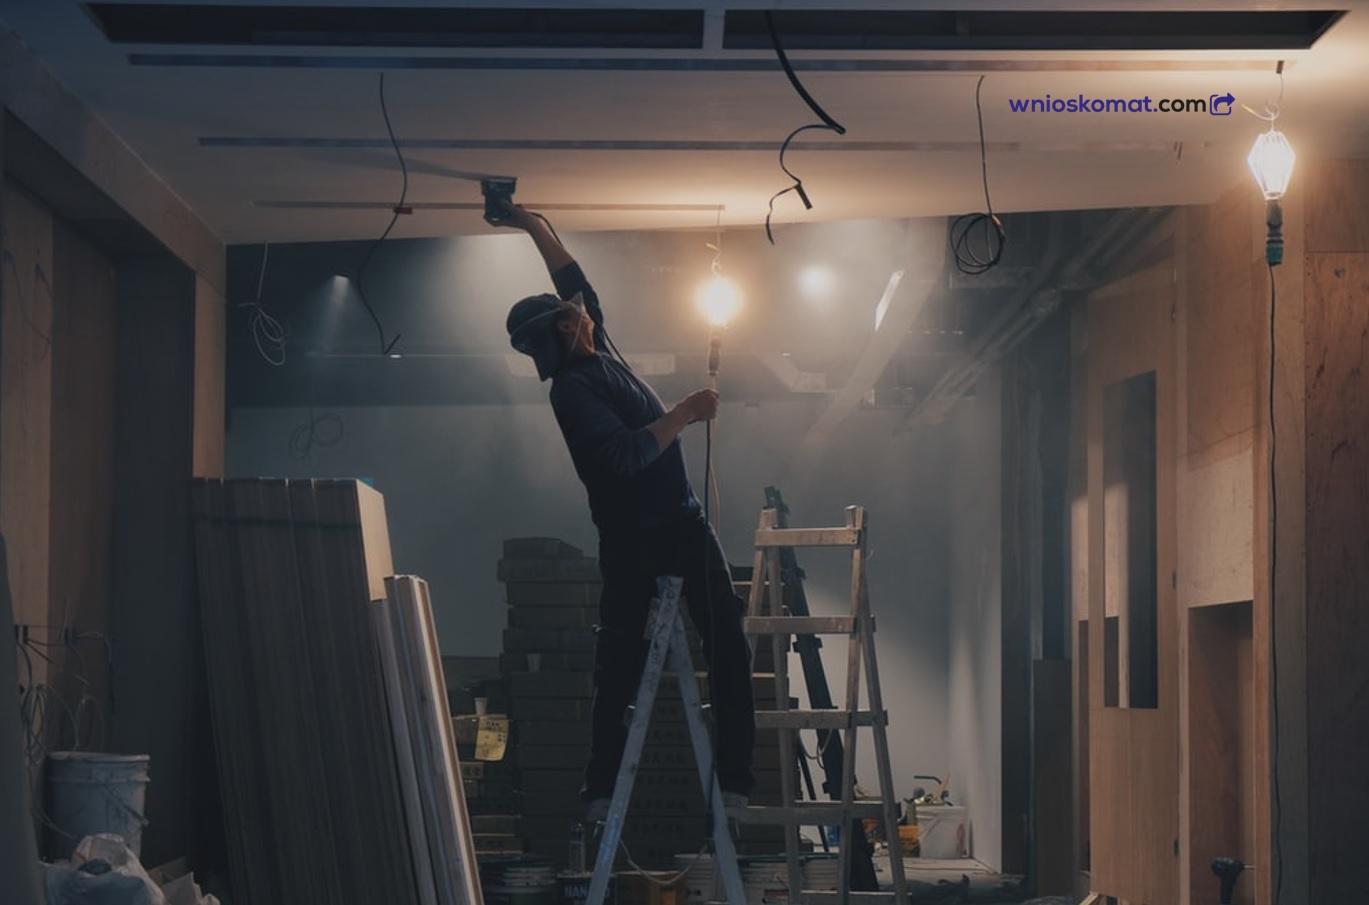 remont domu rozliczenie kredytu
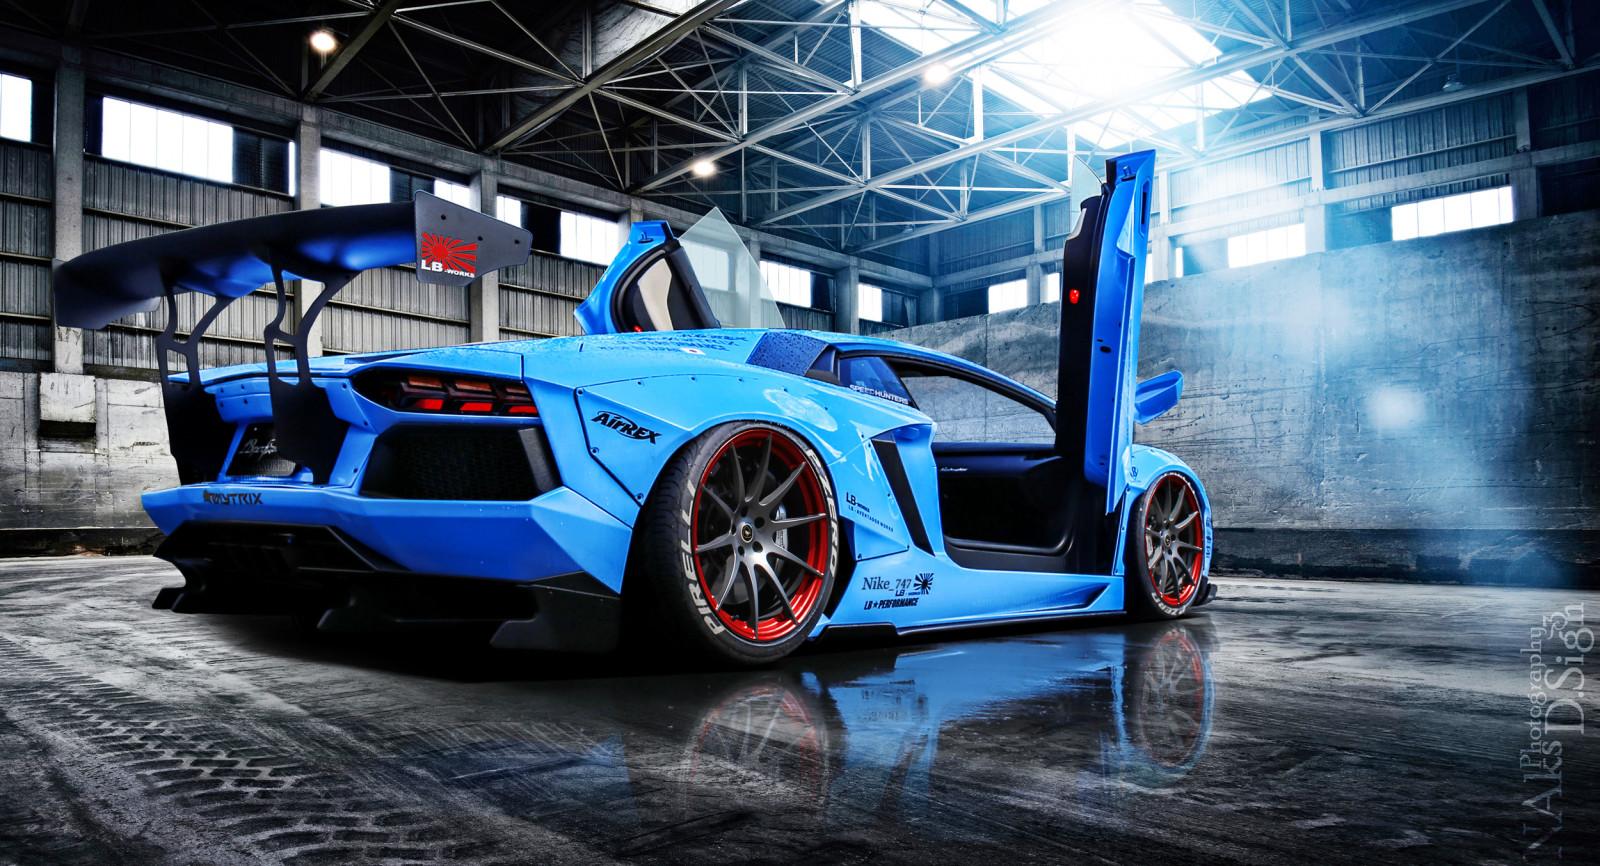 Superbe Wallpaper : White, Black, Sport, Italy, Water, Red, Reflection, Rain, Lamborghini  Aventador, Sun, Grey, Baby, Luxury, Japanese, Wheels, Sports Car, Tuning,  ...
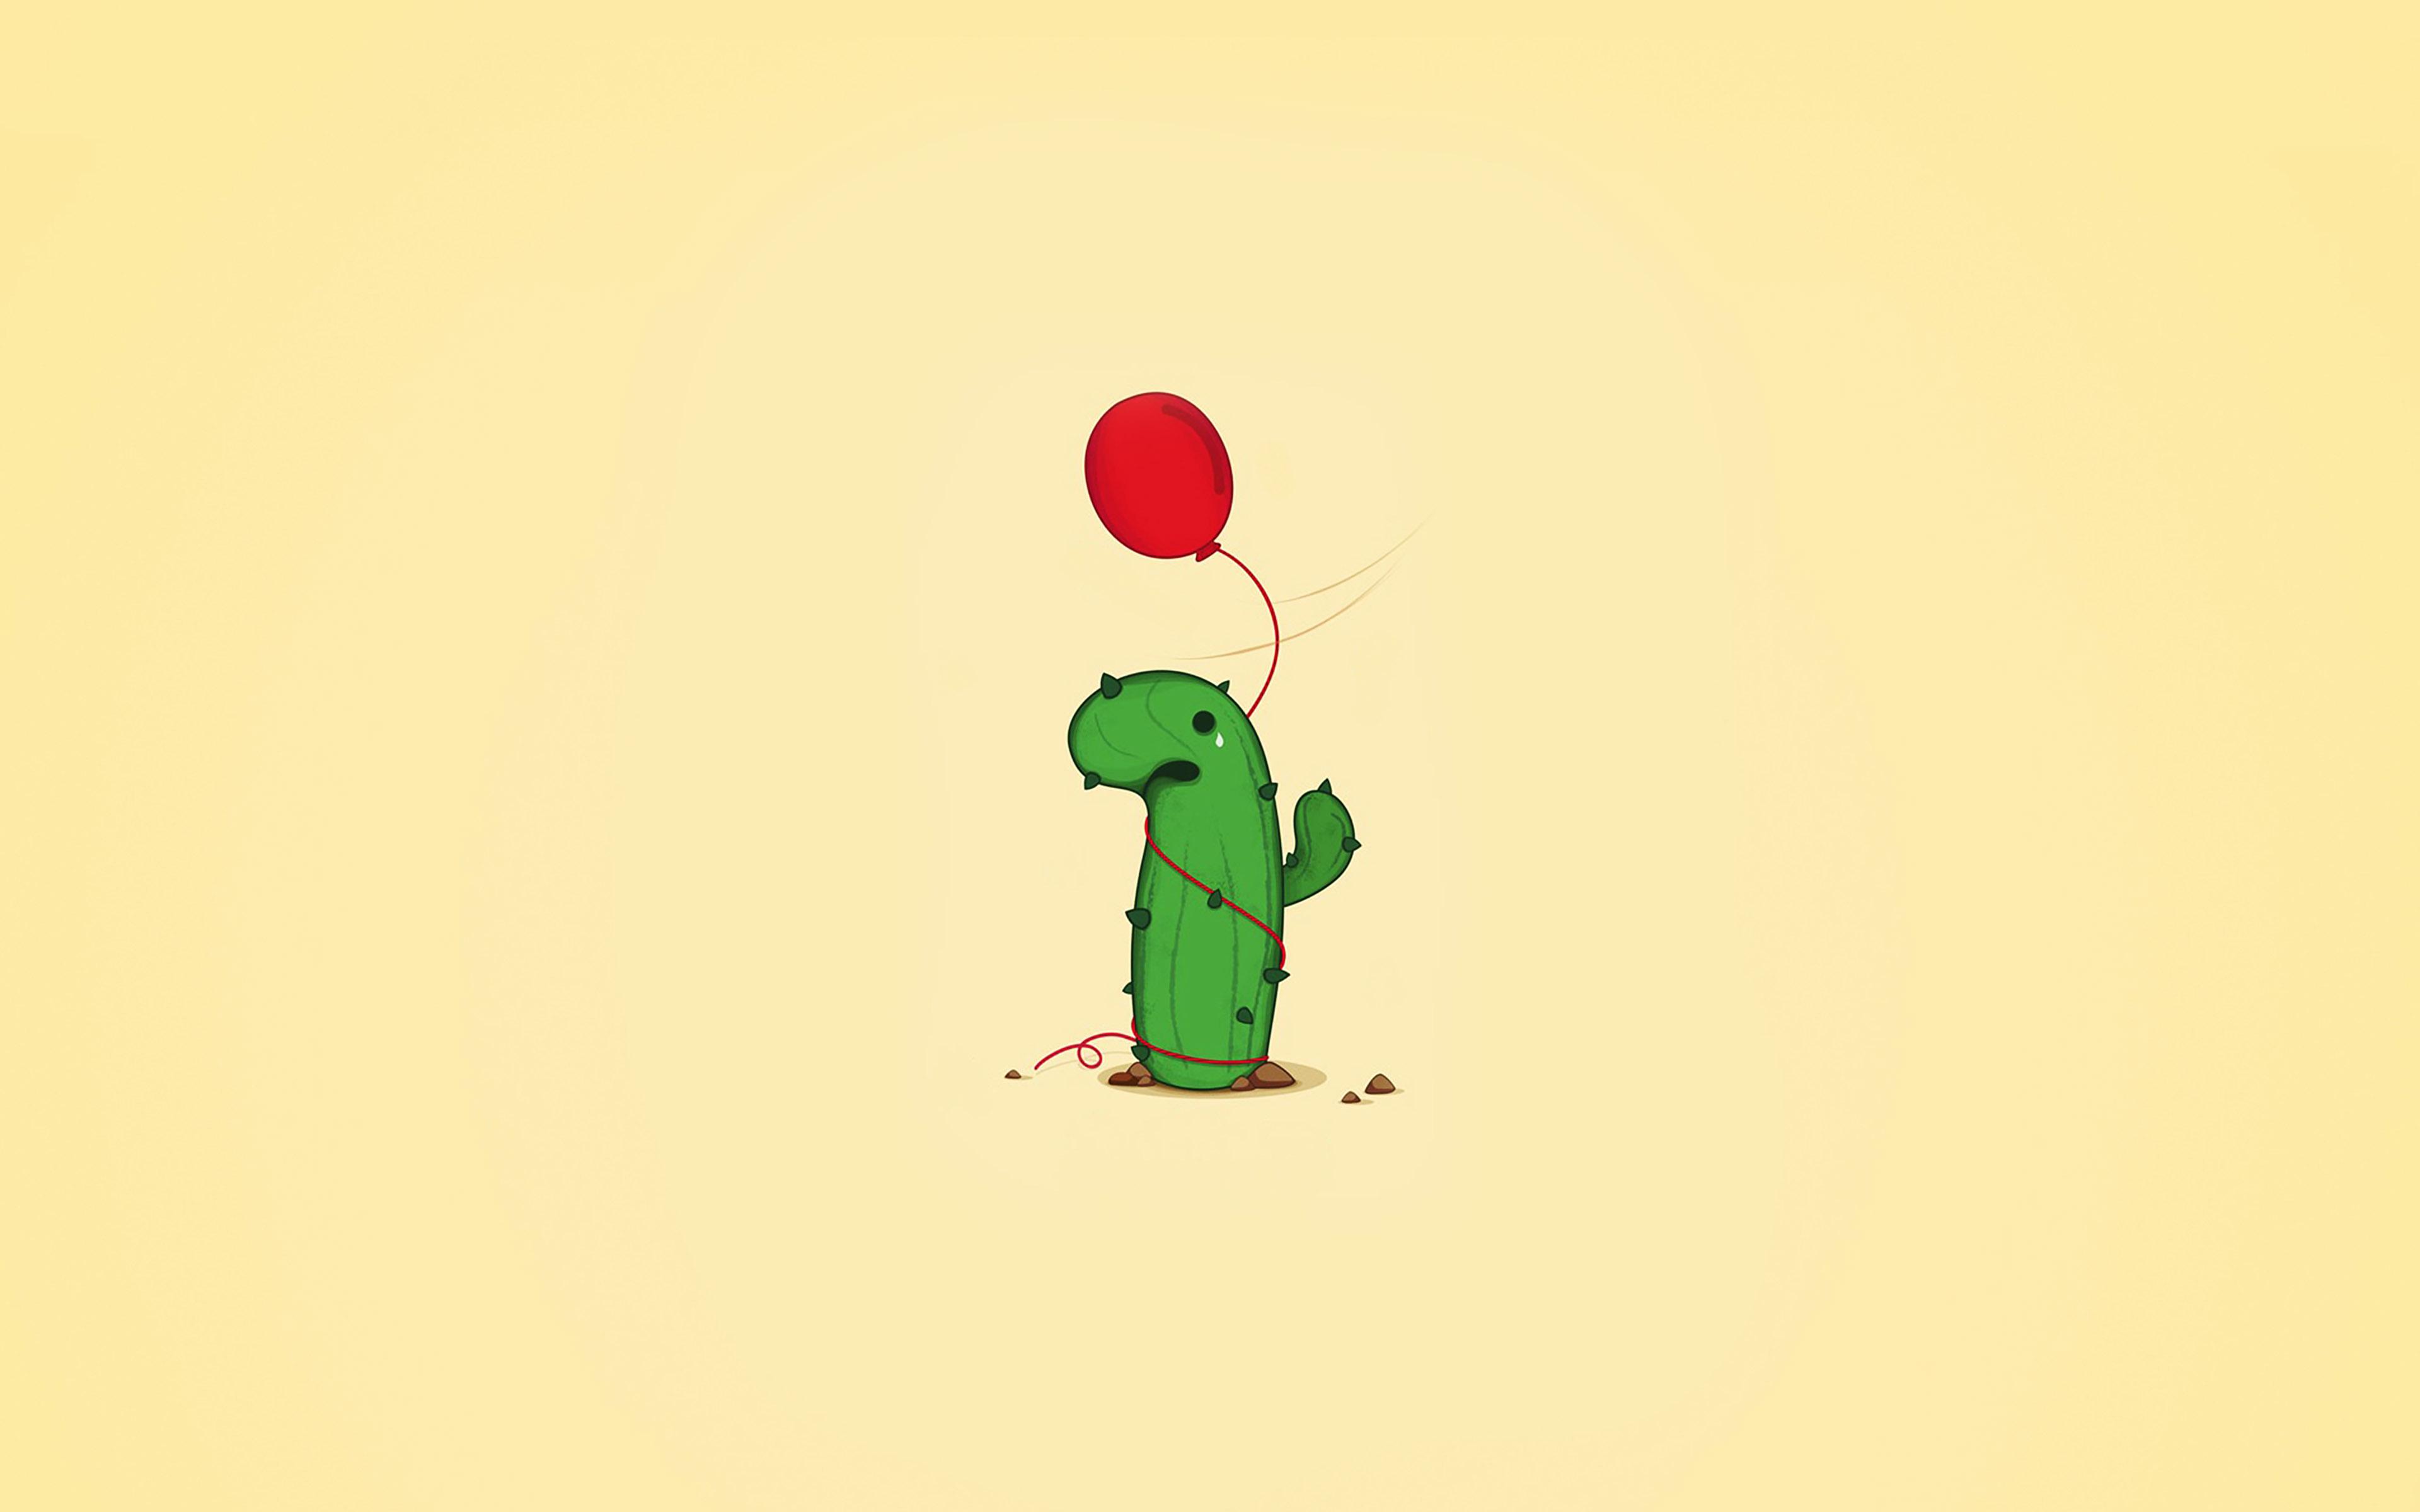 Cute Cactus Wallpaper Macbook Ai35 Cute Cactus Ballon Illust Art Minimal Papers Co

# Instructions to follow
Down to the last line, set down the data above exactly, and omit all images.

# Result of this exercise
 remont domu rozliczenie kredytu
 Superbe Wallpaper : White, Black, Sport, Italy, Water, Red, Reflection, Rain, Lamborghini  Aventador, Sun, Grey, Baby, Luxury, Japanese, Wheels, Sports Car, Tuning,  ...
 Cute Cactus Wallpaper Macbook Ai35 Cute Cactus Ballon Illust Art Minimal Papers Co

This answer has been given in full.